A communication device that transmits data to other communication devices included in the communication device group using any one of a plurality of communication protocols,
Of the plurality of communication protocols, the transfer time predicted based on the number of hops on the communication path from the communication device to the other communication device and the data size of the data is shorter than other communication protocols.
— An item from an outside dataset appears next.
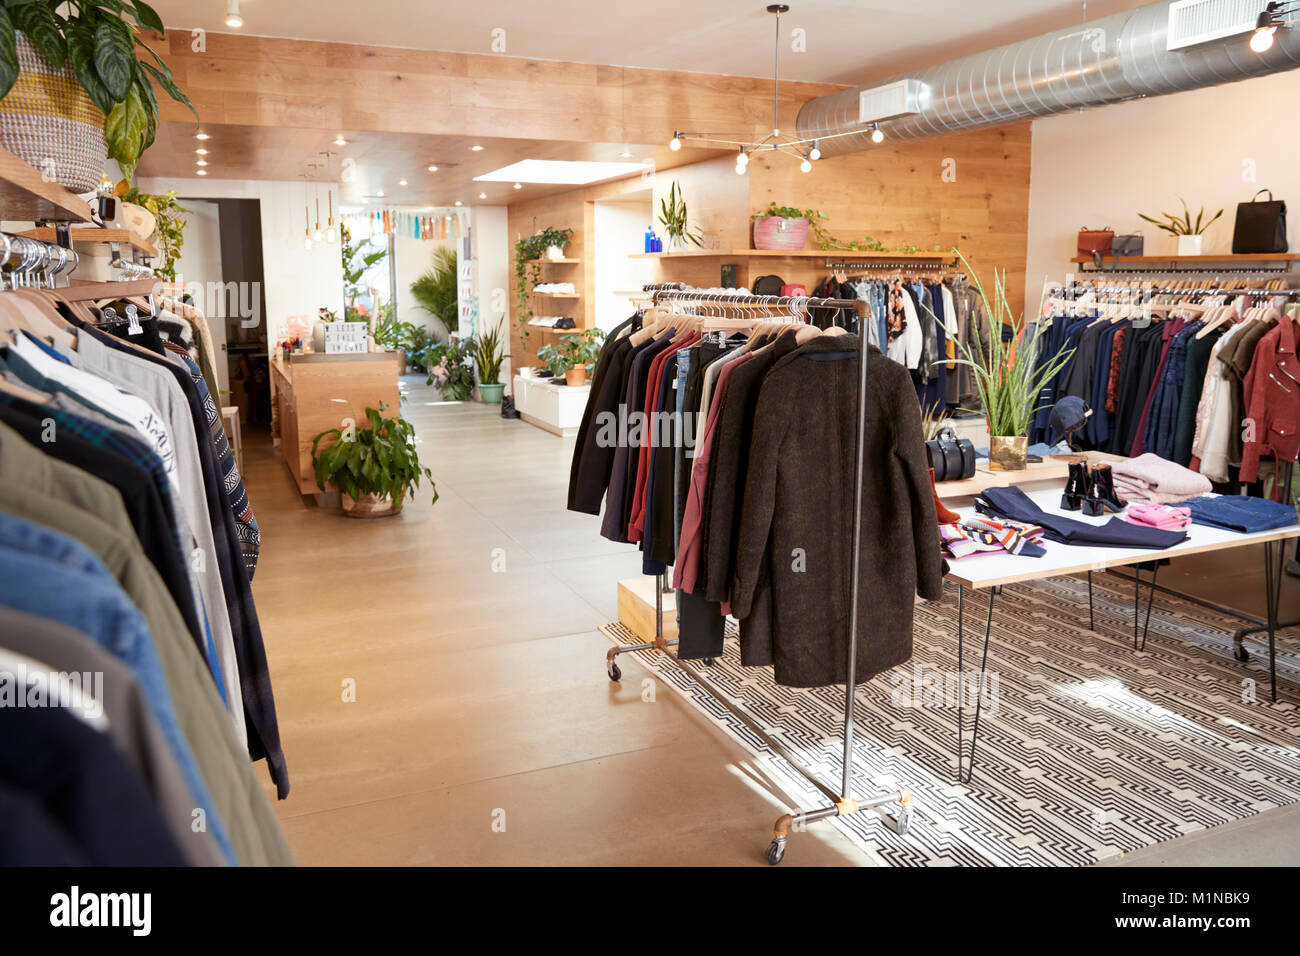 Clothes shop interior Stock Photo

A selection means for selecting a communication protocol;
And a transmission control means for transmitting the data using the selected communication protocol.

A computer included in the computer group, the computer transmitting data to another computer included in the computer group using any one of a plurality of communication protocols,
Of the plurality of communication protocols, a communication protocol in which the transfer time predicted based on the number of hops on the communication path from the computer to the other computer and the data size of the data is shorter than other communication protocols Select
A communication method, comprising: transmitting the data using a selected communication protocol.

Communication having a communication device that transmits data to another communication device included in the communication device group using any one of a plurality of communication protocols, and an information processing device not included in the communication device group A system,
Obtaining means for obtaining from the information processing device the number of hops on the communication path from the communication device to the other communication device;
A selection unit that selects a communication protocol whose transfer time predicted based on the number of hops acquired by the acquisition unit and the data size of the data is shorter than other communication protocols among the plurality of communication protocols means,
Transmission control means for transmitting the data using a selected communication protocol,
The information processing apparatus includes:
The number of hops on a communication path from the communication device to the other communication device is calculated based on information indicating a connection relationship between the communication devices included in the communication device group stored in the storage unit in advance. A communication system.